Boswell Fri, 06/05/2009 - 02:04

Re: what r Good digital mixers that are compatible with prot

pkokkinakos123 wrote: hey what are some good mixers that can work with pro tools that are not digidesign, and can be set up to where each drum like bass, snare, and toms are on each individual track.

Three scenarios come to mind here:

(1) You have recorded to PT, but want the feel of a physical mixer for the mixdown rather than using a mouse on the screen. If this is the case, what you need is a control surface, which mimics a mixer but actually controls the mixing inside ProTools. Several manufacturers (including DigiDesign) make units that can work as control surfaces.

(2) Having done your multi-track recording with ProTools, you want to mix outside the box, and capture the two-track mix back to PT or to a separate 2-track recorder. There are two basic ways of doing this: (a) analog - replay your tracks via the analog outputs of your DigiDesign hardware and use a line-level analog mixer. Re-digitize the two-track mix. (b) digital - use ADAT lightpipe outputs to a digital mixer and send the mix back to PT via another lightpipe or S/PDIF. If you have M-Powered PT as opposed to PTLE, you could use an M-Audio Profire Lightbridge to replay up to 18 or 24 tracks at once.

(3) You want a latency-free monitor mix while recording to PT. You could do this either with a microphone splitter going to the PT hardware and to a conventional mixer, or use a mixer as the microphone pre-amps and take the channel direct outs into the PT hardware. If you used a digital mixer, this output could be ADAT lightpipe. More than 8 channels would need an interface such as the Lightbridge mentioned above.

One configuration that would work for all the three situations listed is a Yamaha 01V96 and M-Audio Lightbridge.

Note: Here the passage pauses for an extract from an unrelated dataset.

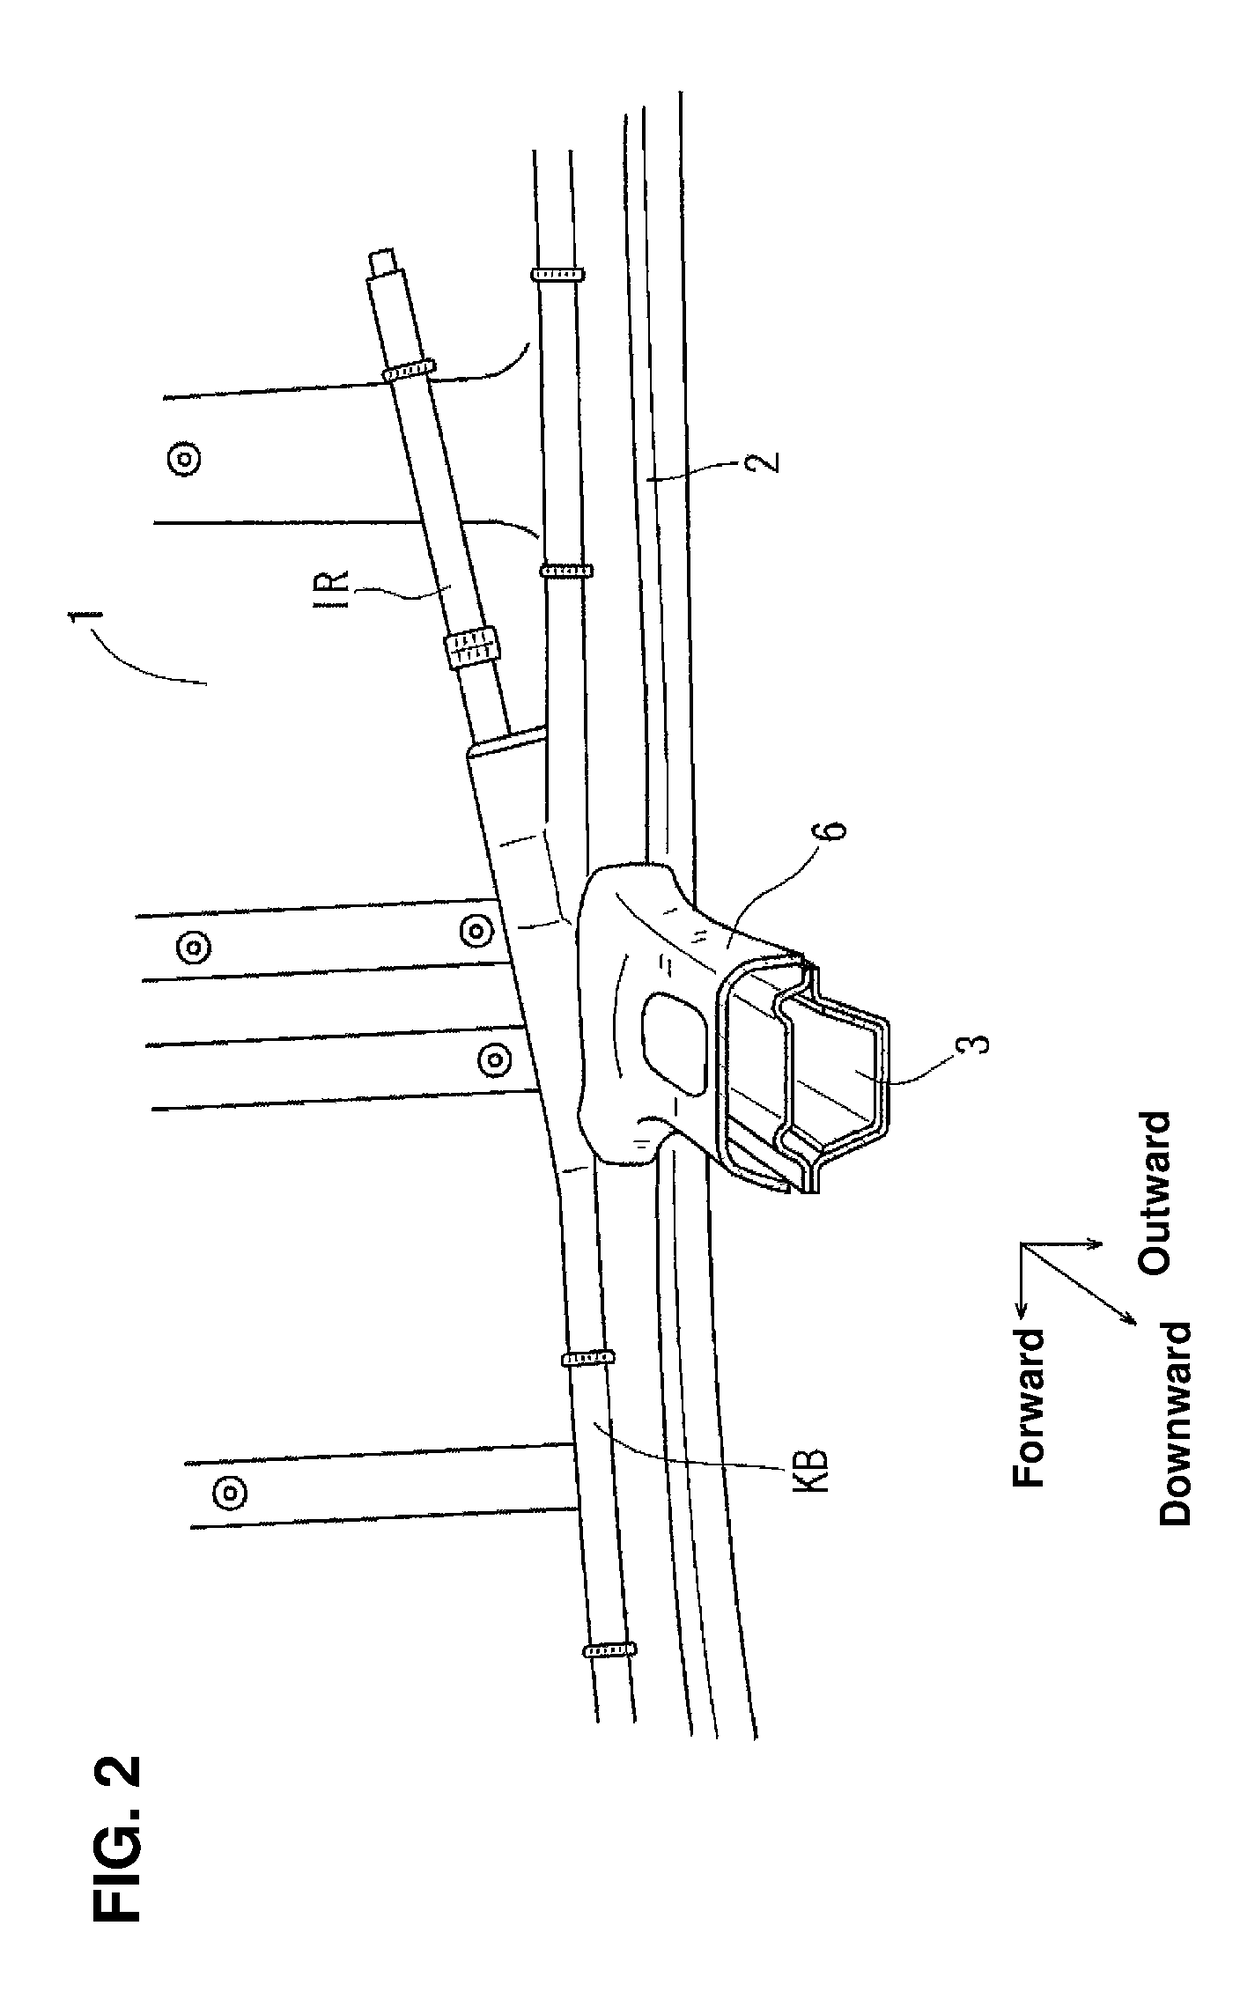 Passenger protection device of vehicle

The 01V96 can act as a PT control surface, and it can send and receive up to 24 channels via ADAT lightpipe. The Lightbridge has 4 lightpipe ports (up to 32 channels) and is supported by M-Powered PT, at least up to 18 input channels.

Can you clarify what exactly you want the mixer for?

hueseph Thu, 06/11/2009 - 23:14

Maybe I assumed wrong. If I did, I apologize. Do to what seemed to me to be such an elementary question, I assumed the OP is new to ProTools and probably recording in general.

He's asking for a mixer that will allow for each instrument to be assigned to it's own dedicated track. Well any mixer will do that so long as the interface supports it. If I was jumping the gun, again, I apologize. It would be nice if the OP would elaborate on his question.